To: Fatt Dogg I hope that your ND trip is one of the best experiences you will have in your life, they have alot more to offer than just good hunting don't forget to watch the sunset's they are some of the most spectacular sunsets anywhere in the USA, don't forget to talk to the locals and slow down while you are there they don't move fast so you shouldn't either, wave to the UPS driver your probably the only person he's seen in 30 miles, and for GOD SAKES don't shoot the roost or you will get your butt chewed be everyone!! Take only what you will eat or can give to those who can not partake in the outdoors any longer, it builds a good name in the community. Follow the simple lifestyle of the locals and I promise you will have a great time.

Later J.D.


----------



## tb (Jul 26, 2002)

Deja vu all over again.


----------



## hoosier dhr (Jul 24, 2003)

Ive seen him on the outdoor channel :lol:

I still prefer the do it yourself way but  ya gotta do what ya gotta do!
Thats what i always tell my boss when i take a day off to hunt :beer:


----------



## Leo Porcello (Jul 10, 2003)

I think I just saw them on TV. They had the ducks in the decoys but not many falling. I think it was on the Browning hunting show.


----------



## toad1966 (Jan 16, 2005)

As an out-of -stater All I can say is its a great state with great people. Enjoy your trip and don't pay any attention to the bobkittys of the state. NoDak rocks!!!!! Toad


----------



## Matrix (Jun 29, 2006)

Edited due to excessive fowl language.

Please READ THE RULES.


----------



## Old Hunter (Mar 8, 2002)

dblkluk This thread is going down the sewer. Isn't it time to lock it?


----------



## Matrix (Jun 29, 2006)

Again, edited by admin


----------



## Plainsman (Jul 30, 2003)

I'll second that Old Hunter. I would guess Matrix will be following MT into the sunset. 
To me it looks like there are good and bad residents and non residents.
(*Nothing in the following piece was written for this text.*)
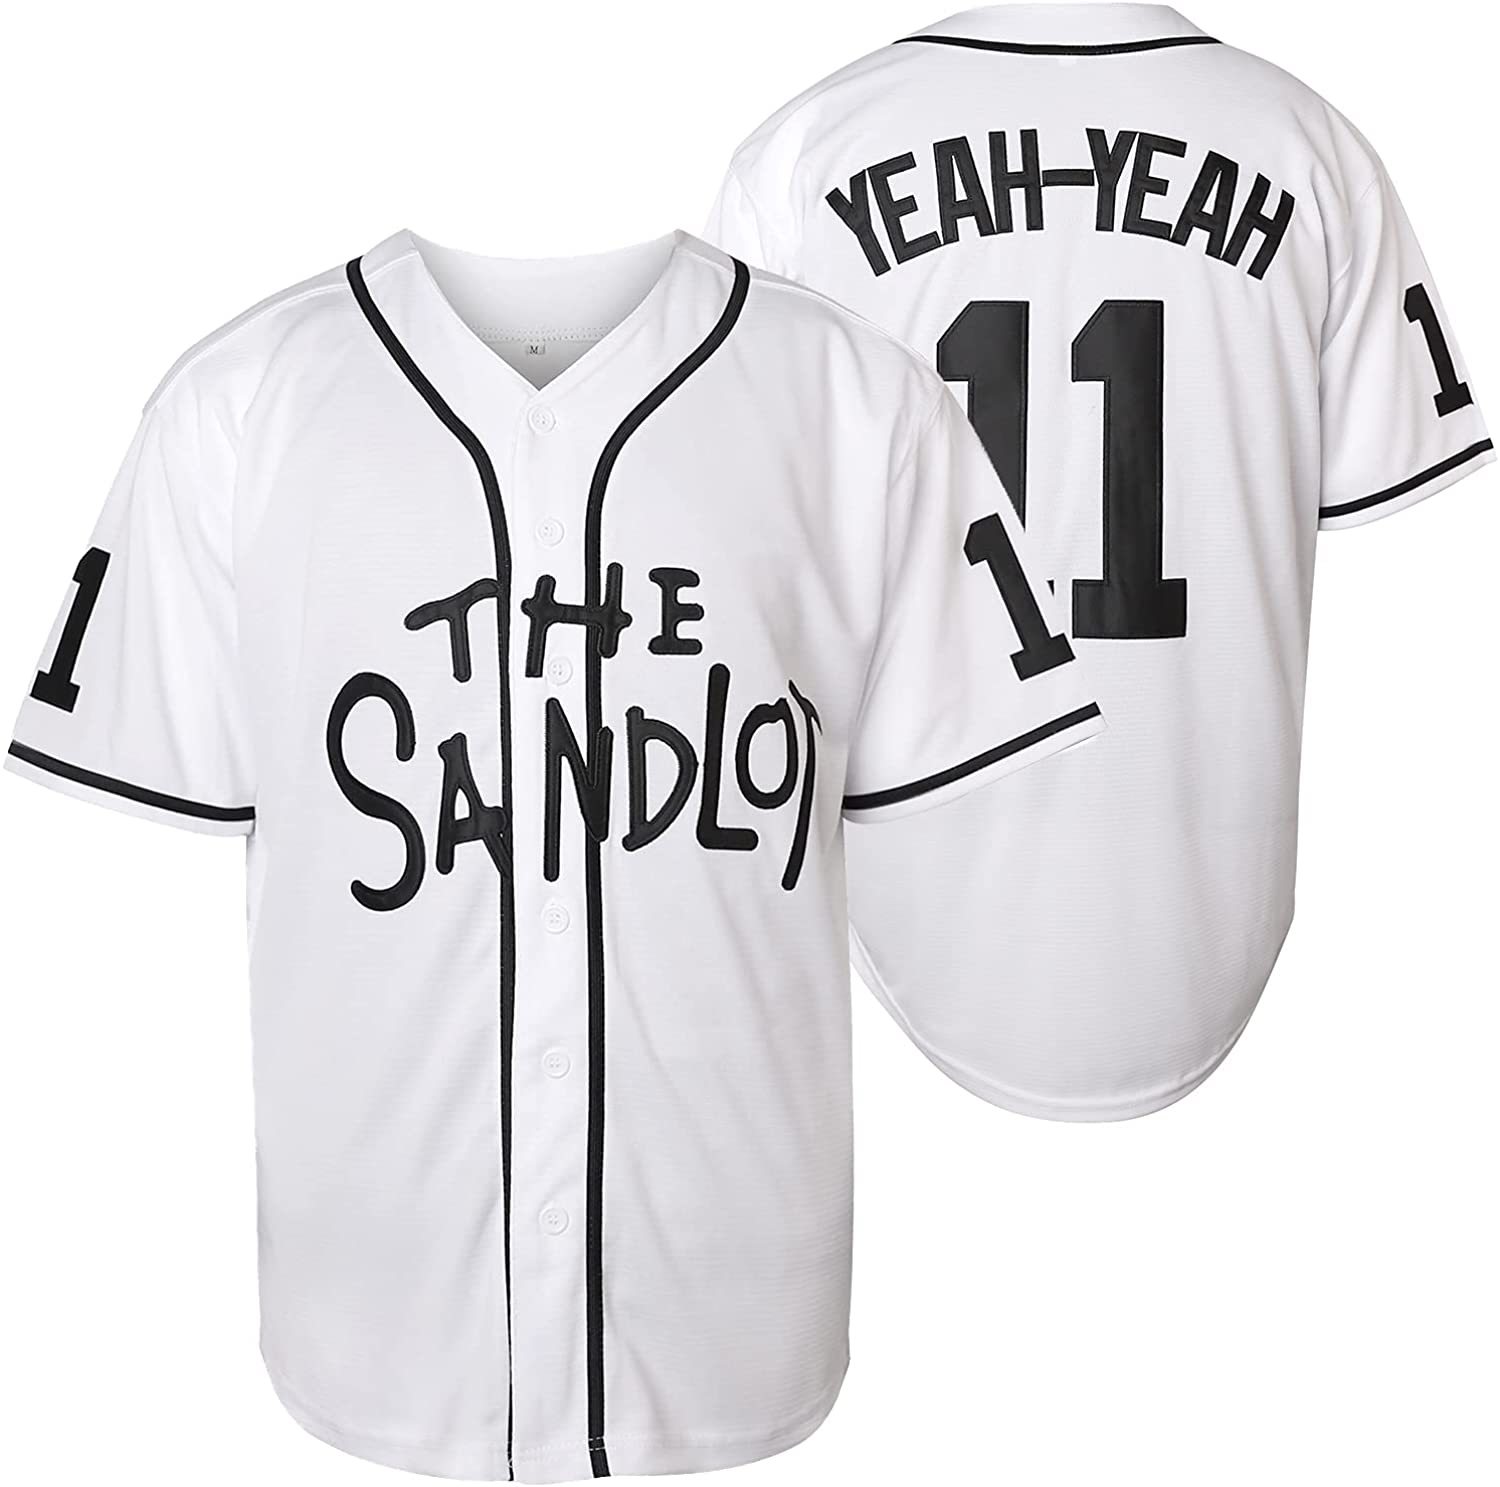 Alan Yeah-Yeah McClennan #11 The Sandlot Movie Baseball Jersey New White

If your a jerk your a jerk, your address doesn't have a lot to do with it.


----------



## adam (Mar 17, 2005)

i agree every state has plenty of bad apples

ive found most of the people on this site to be really helpful and i have learned alot about hunting


----------



## nodakoutdoors.com (Feb 27, 2002)

Sigh....how many of these threads are needed.

LOCKED


----------